第5章 ◇8/10Birthday(ラビ)



「どうしたの?」


 黙り込んだ少女に問いかけてみる。
 返答はない。
 なんさ…あ。
 親に知らない人に名前教えるなとか、言われてんのかな。


「オレは変な大人じゃないから、大丈夫──」

「ラビっ」


 遮ったのは、聞き慣れた発音の声だった。


「ごめん、待たせちゃって…っ」


 からんころん、と下駄が鳴る。

 声の主に顔だけ振り返って、その体制のままオレは固まってしまった。
 少女の華やかな金魚のユカタとは違う。
 深い紺色の落ち着いた布生地。
 だけどその中で花開く幾つもの大きな桃色の華は鮮やかに、南の体を纏っていた。

 見たことがある。
 あれは…牡丹の花だ。


「急いで着付けたから、ちょっと不格好かもしれないけど…」


 から、と下駄が鳴って目の前で止まる足。
 黒い漆のような光沢のある下駄に、白い鼻緒が映える。

 腰を下ろした体制のまま、下からゆっくりと見上げる。

 足首のすぐ上から覆っている紺色のユカタ。
 桃色の華が目に優しく主張してくる、大人びた雰囲気。
 白い帯に手を添えて、はぁと息をつく。
 そんな微かな仕草にさえ、ドキリとした。


「…変、かな」


 ゆっくりと見上げた先に待っていたのは、いつもは簡単に縛ってるだけの髪を丁寧にアップにした南の顔。
 目が合えば、恥ずかしそうに見返してくる。
 そんな南の髪に飾られているのは、ユカタの華模様と同じ──…あ。


「南、それ…」

「…あ、これ?…うん。

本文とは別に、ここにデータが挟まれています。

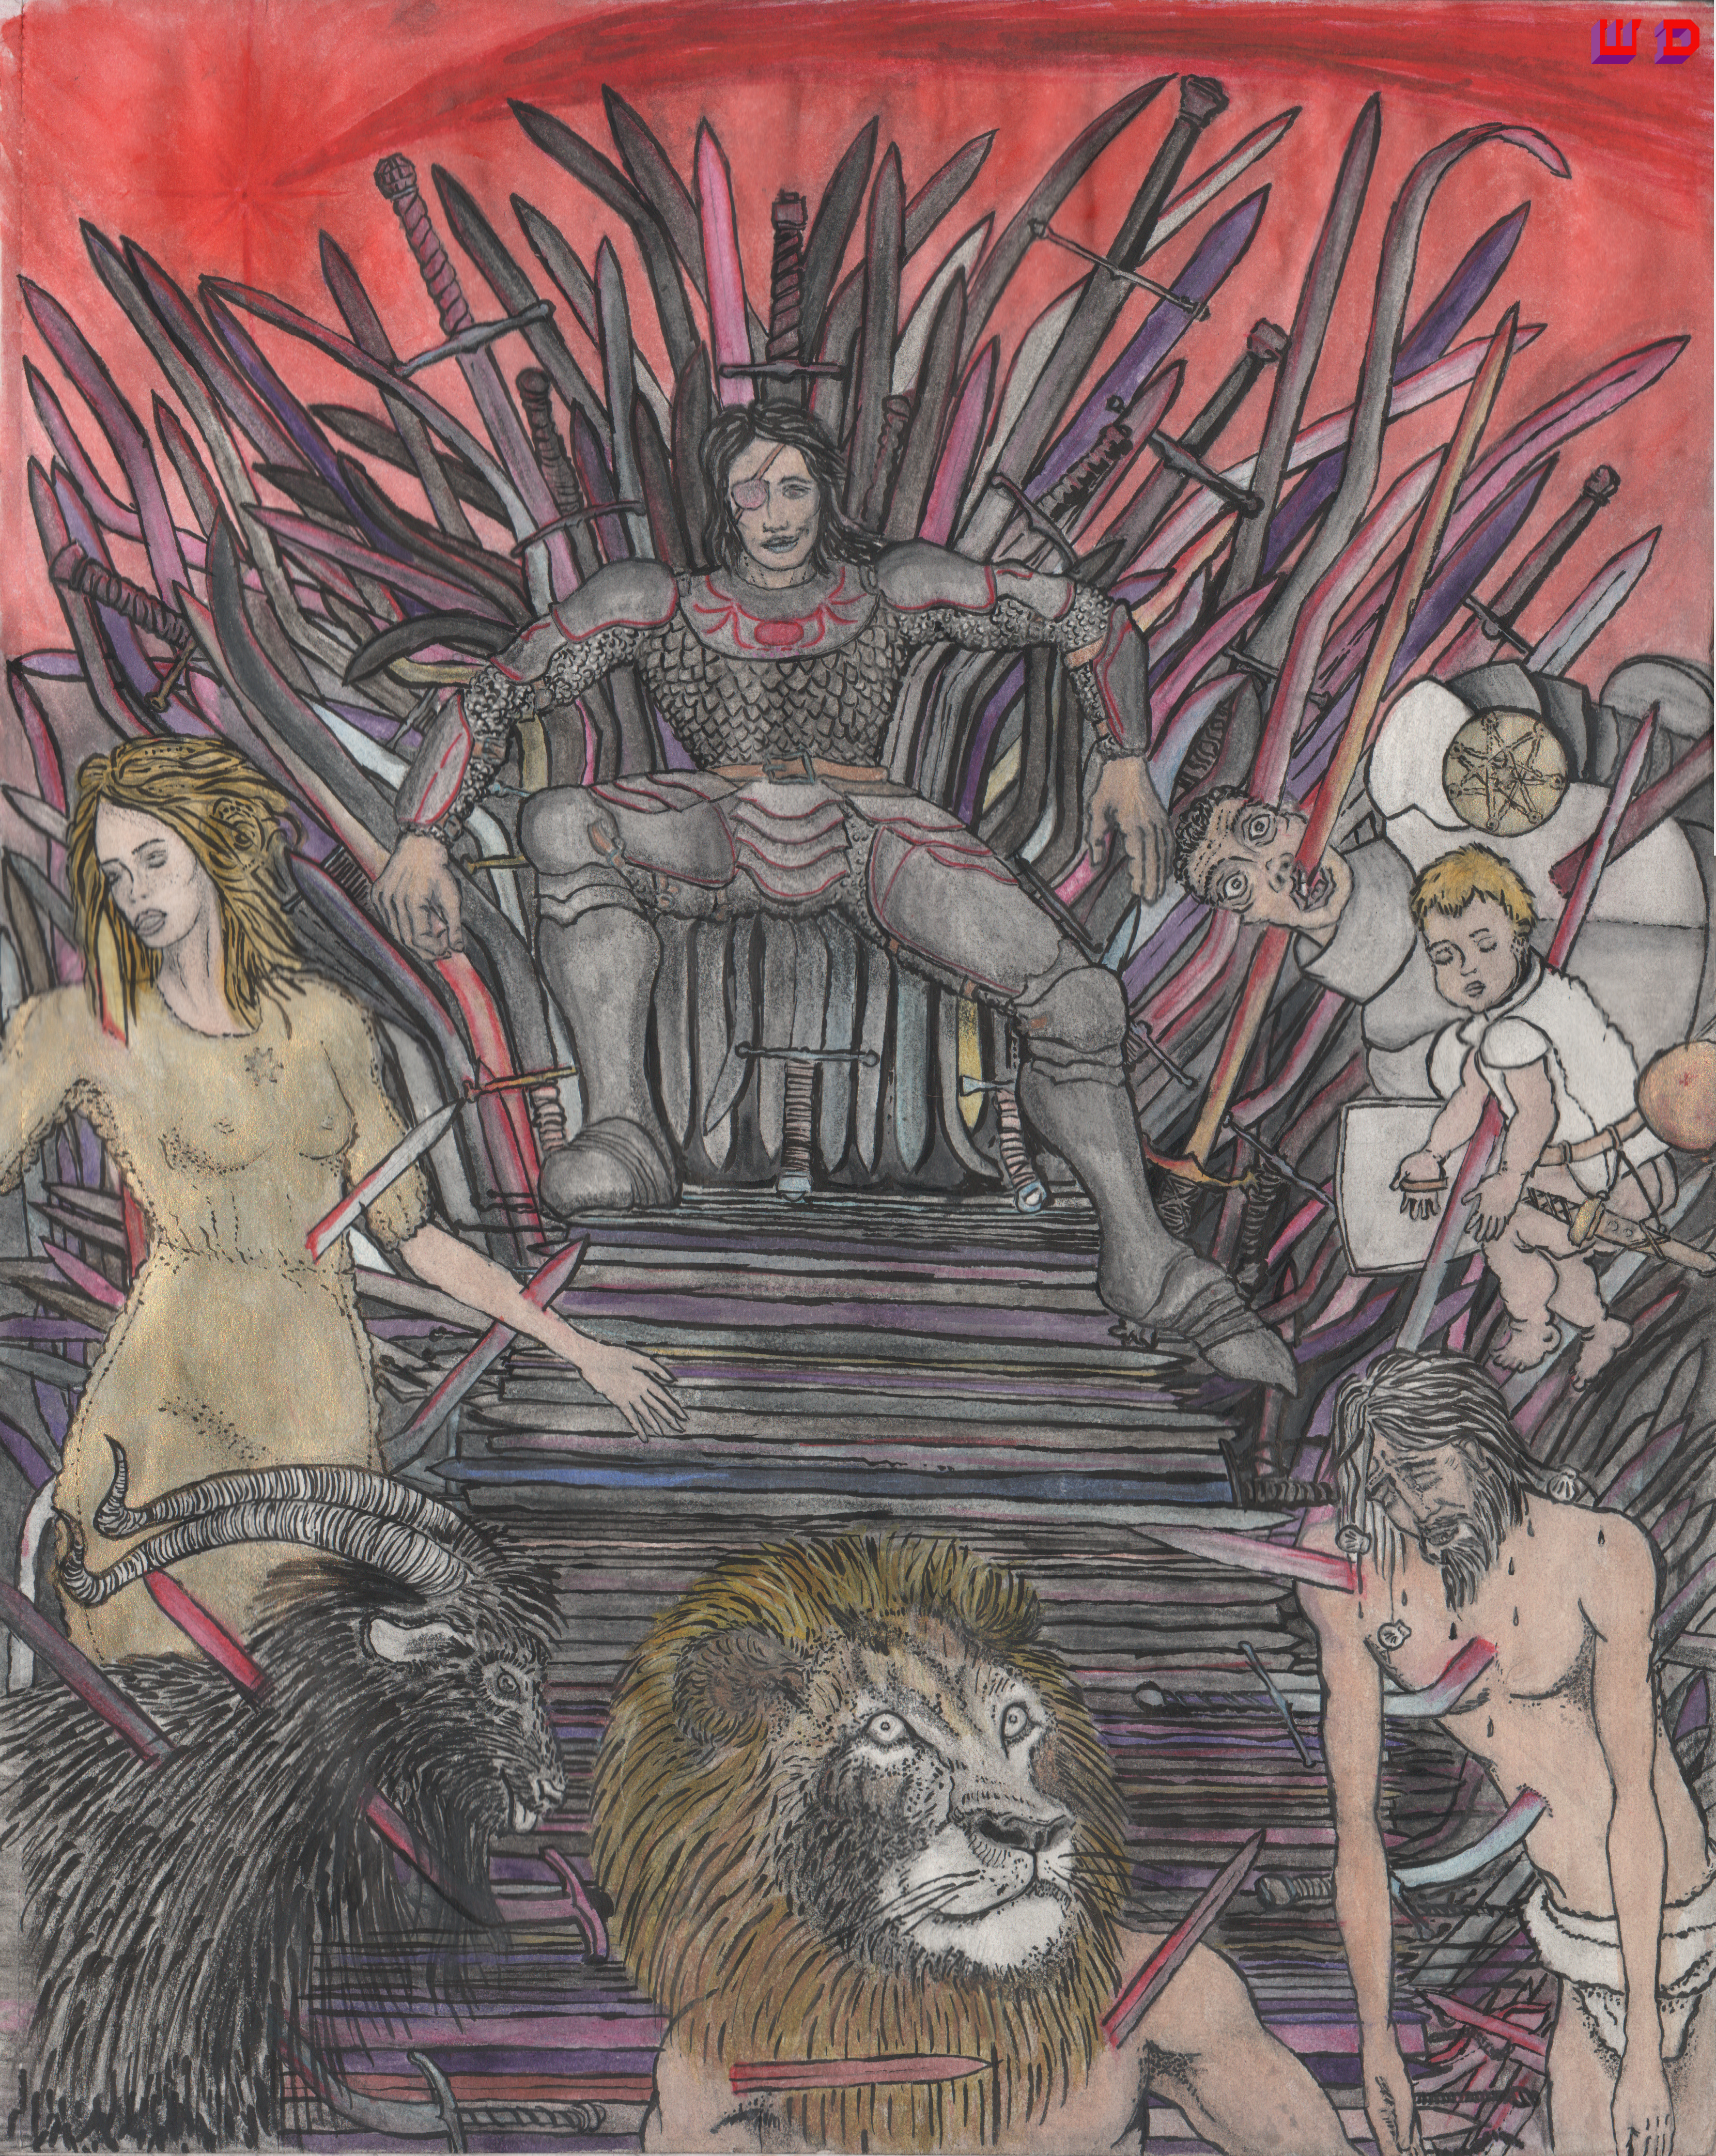 Euron Greyjoy seated on the Iron Throne

折角だし、使ってみようと思って」


 照れ臭そうに、顔を傾けて左サイドに飾られた髪飾りを見せてくる。
 それはオレが前にあげた、牡丹模様の髪飾りだった。
 …今それがここにあるってことは…まだ持ち歩いてたんさ?


「だからお揃いにしてみたの。どう?」


 そう言ってユカタの袖を握って両腕を軽く広げる南に、ああと気付く。
 牡丹模様のユカタを選んだ理由は、そこにあったのか。

 ……。
 …………やべぇ。

 嬉しい、かも。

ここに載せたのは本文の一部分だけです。